For many sequence-specific DNA-binding proteins, nucleosome occupancy alone predicts promoters bound in vivo almost as accurately as DNA sequence. (A) Most transcription factors are preferentially bound to regions of relatively low nucleosome occupancy. ROCs were used to quantitate the value of low nucleosome occupancy in predicting the in vivo distribution of the indicated transcription factors. ChIP-enriched sequences (Lee et al. 2002) were defined at 10% FDR. Only the 41 ChIPs yielding at least 20 enriched sequences were analyzed. Pho4 (black) appears to be significantly associated with regions of higher nucleosome occupancy, possibly because of different growth conditions under which ChIP-chip and nucleosome data were collected. (B) Motifs derived from bound sequences often predict binding only slightly better (within an AUC-ROC of 0.1) than does nucleosome occupancy alone.
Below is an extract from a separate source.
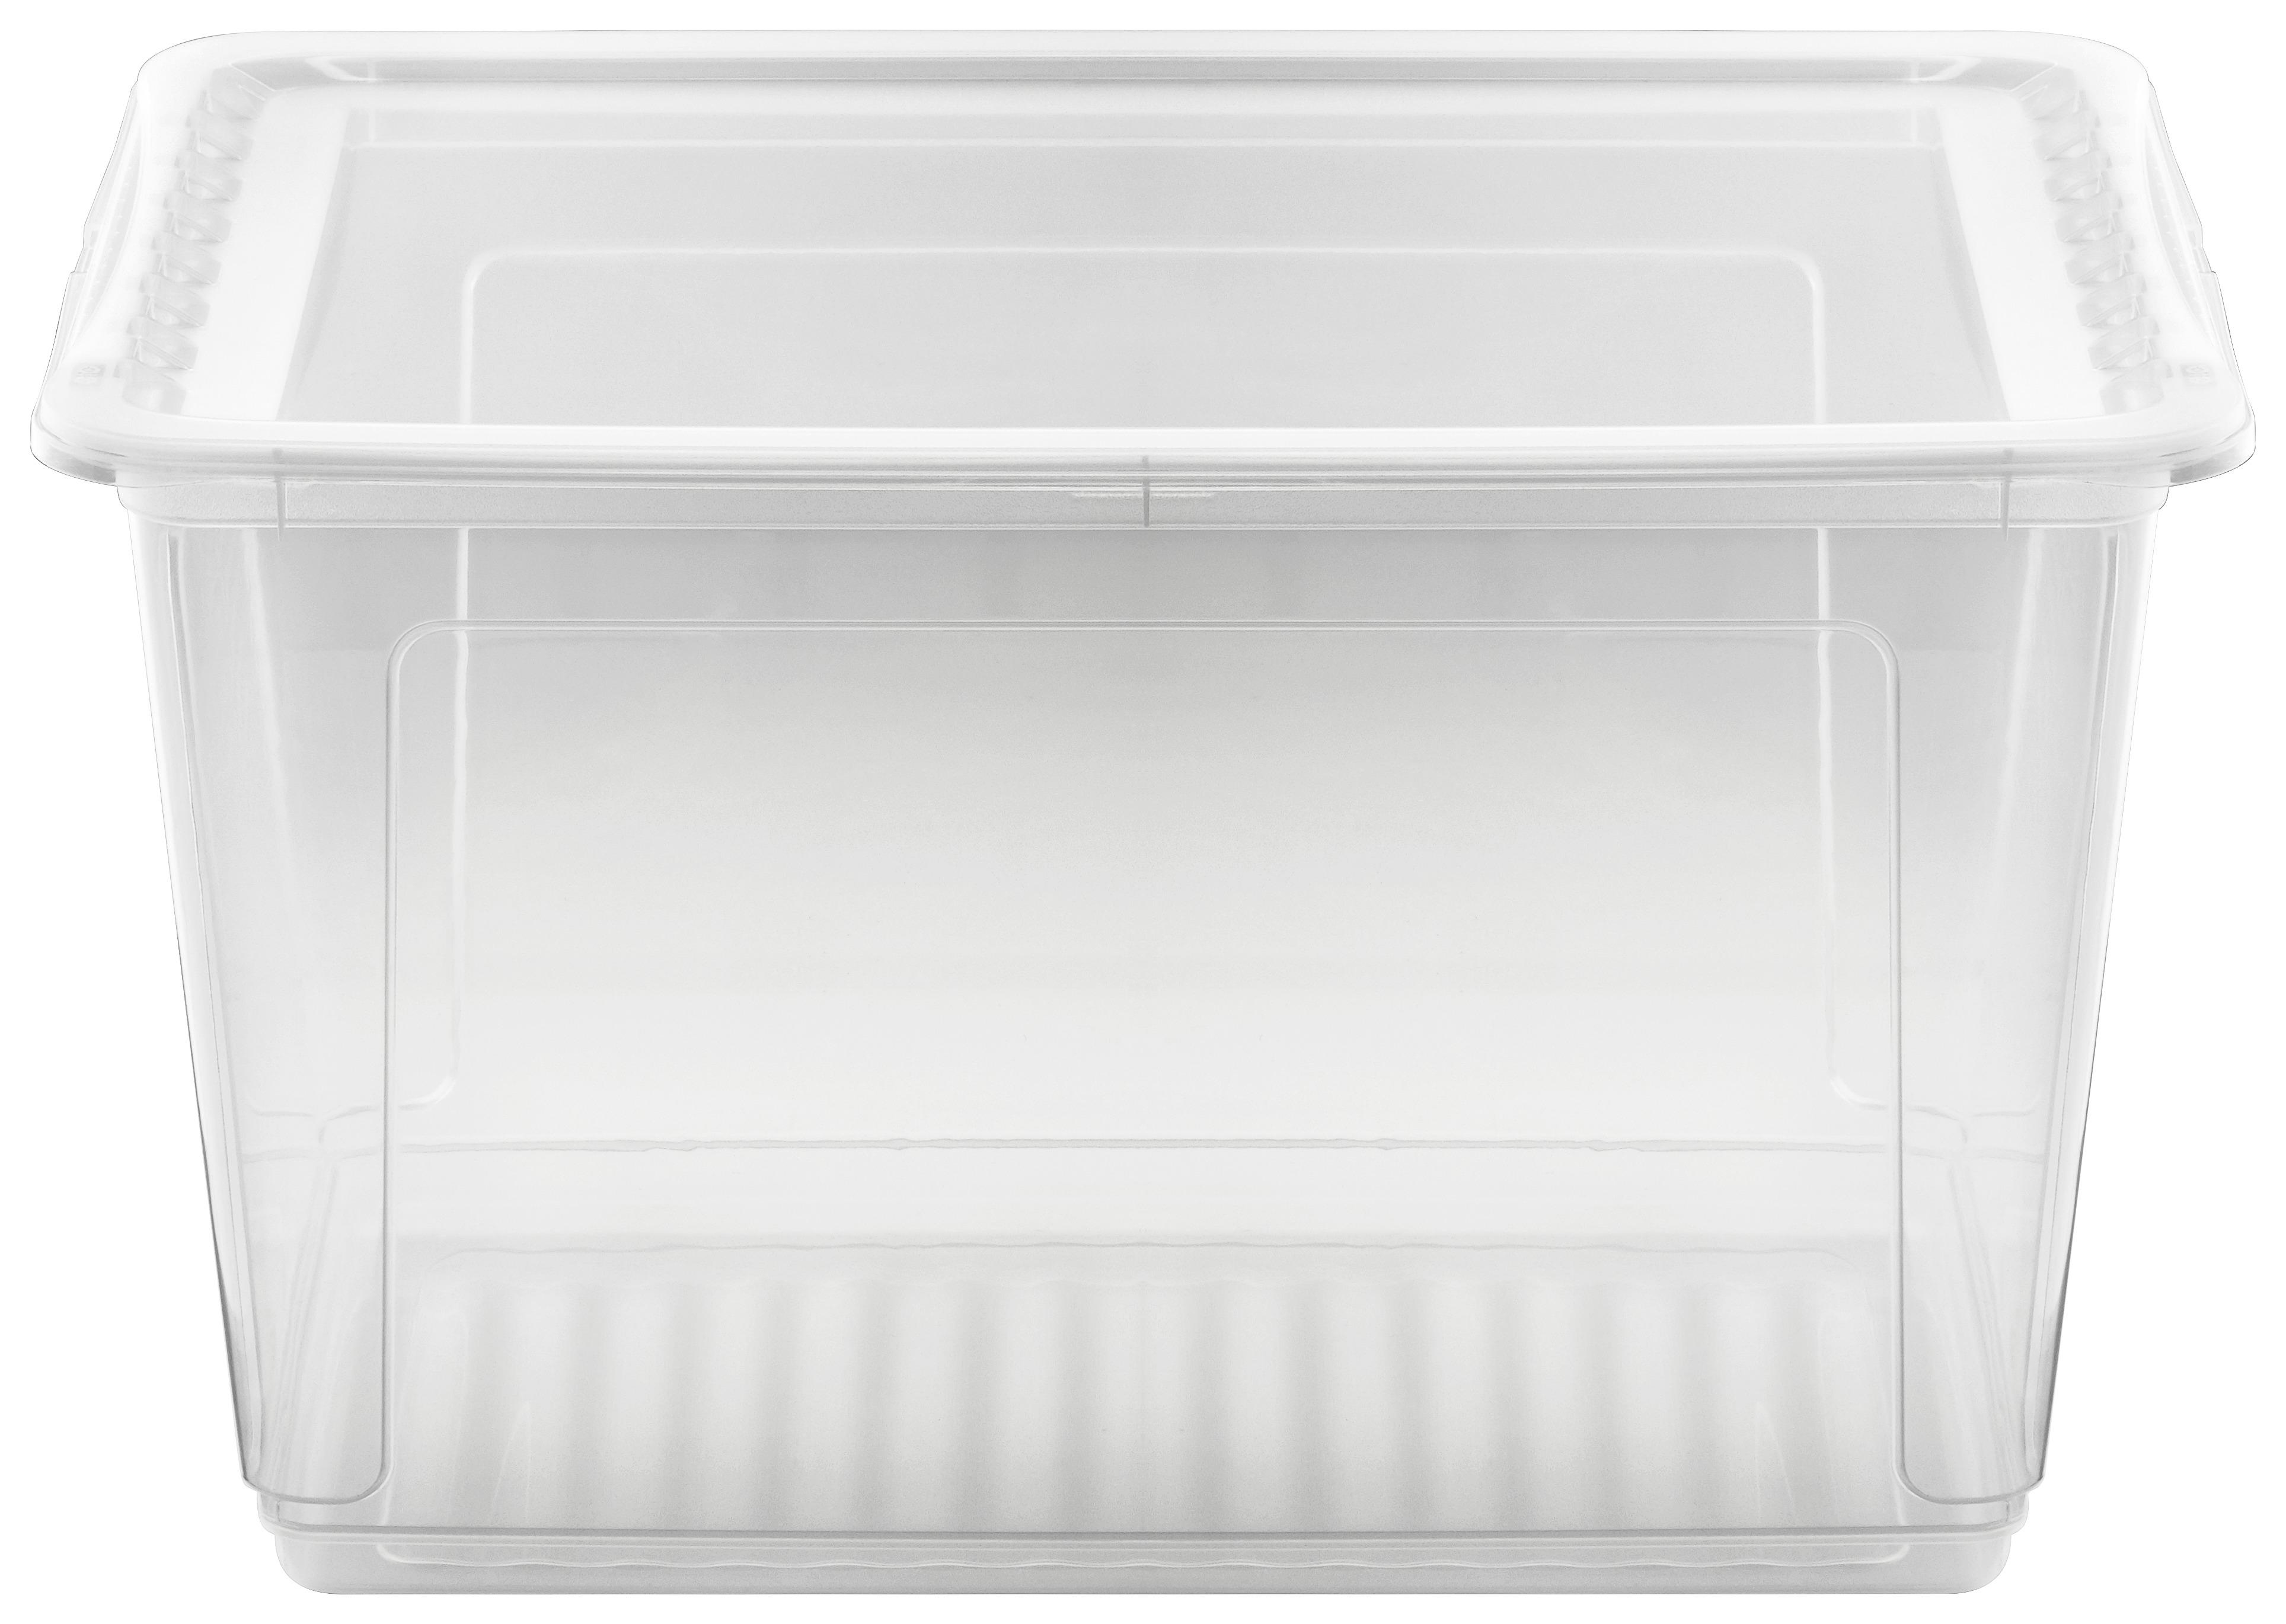 Aufbewahrungsbox Bea mit Deckel Kunststoff 59x39x35 cm - Transparent, KONVENTIONELL, Kunststoff (59/39/35cm) - Homezone

Of the 41 factors in A, a significant DNA-sequence motif could be derived for the 34 plotted here (see Supplemental Table 2 for tabular data). PWMs were used to calculate occupancy scores for every intergenic region. ROCs were then used to quantitate the ability of the occupancy scores derived from the factor-specific motifs to predict the in vivo distribution of the corresponding factor (y-axis). On the x-axis are the nucleosome-occupancy-based AUC-ROCs. AUC-ROC values under 0.5 were converted to (1 − AUC-ROC). Of the transcription factors, 17/34 fall between dashed lines, which indicate AUC-ROC values within 0.1. (Filled black circle) Pho4.